## Task directions
Your answer is the lines below, exactly, from the one that contains "JavaSript Executor in Selenium" through the one that contains "White Tulle Maternity", both included.

## Material supplied

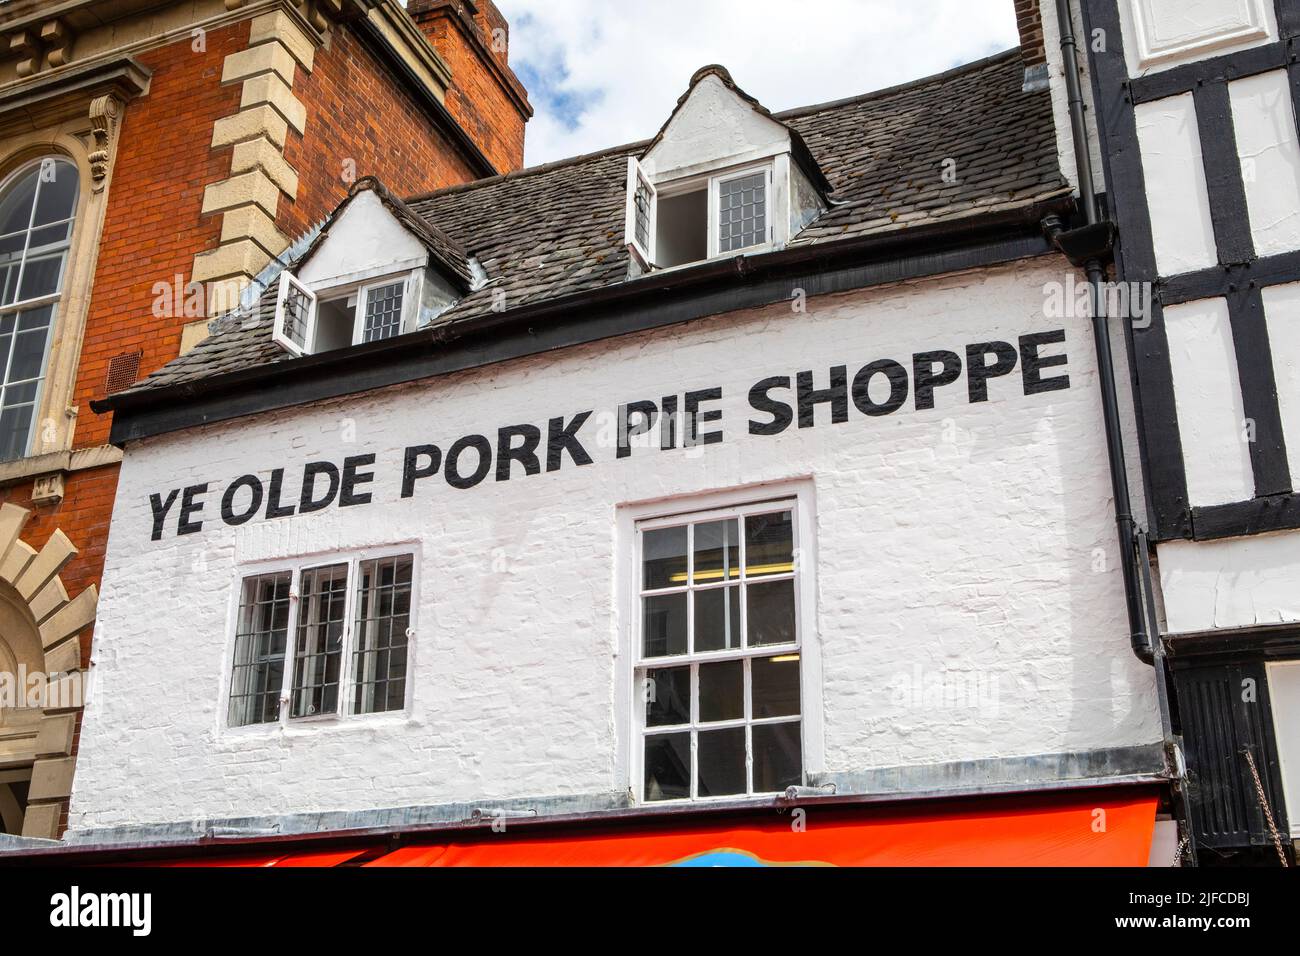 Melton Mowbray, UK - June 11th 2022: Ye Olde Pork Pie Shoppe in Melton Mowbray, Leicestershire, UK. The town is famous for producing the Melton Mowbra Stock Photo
* * *
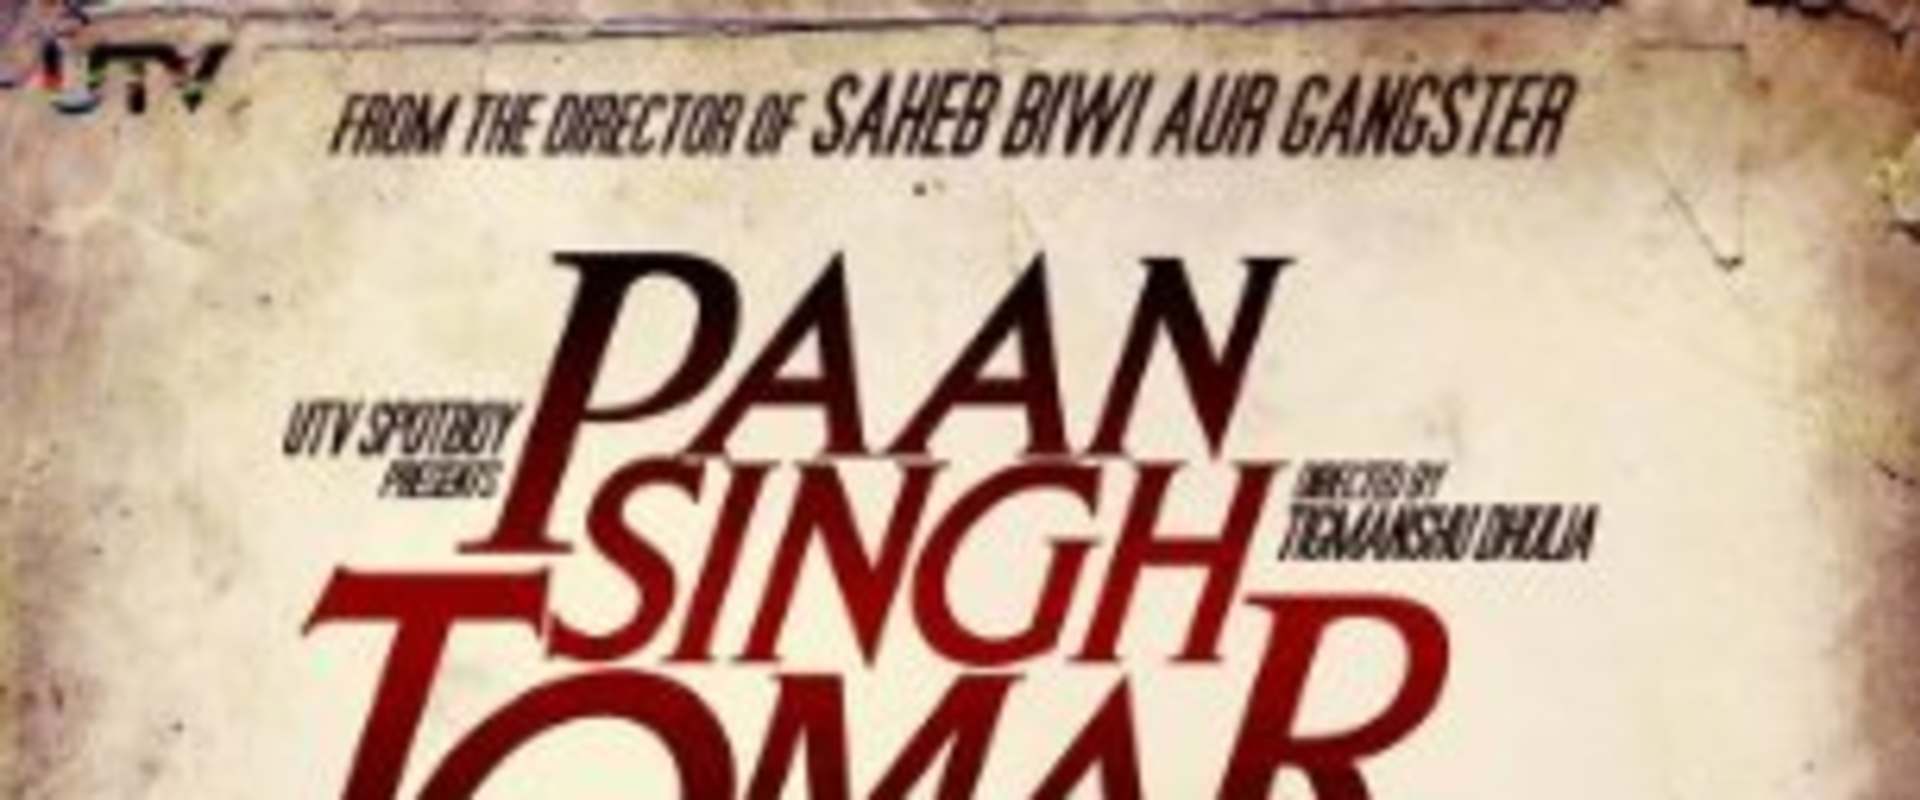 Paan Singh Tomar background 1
--
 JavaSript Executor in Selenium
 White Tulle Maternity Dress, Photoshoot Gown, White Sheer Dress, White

## Output of the exercise
 JavaSript Executor in Selenium
 White Tulle Maternity Dress, Photoshoot Gown, White Sheer Dress, White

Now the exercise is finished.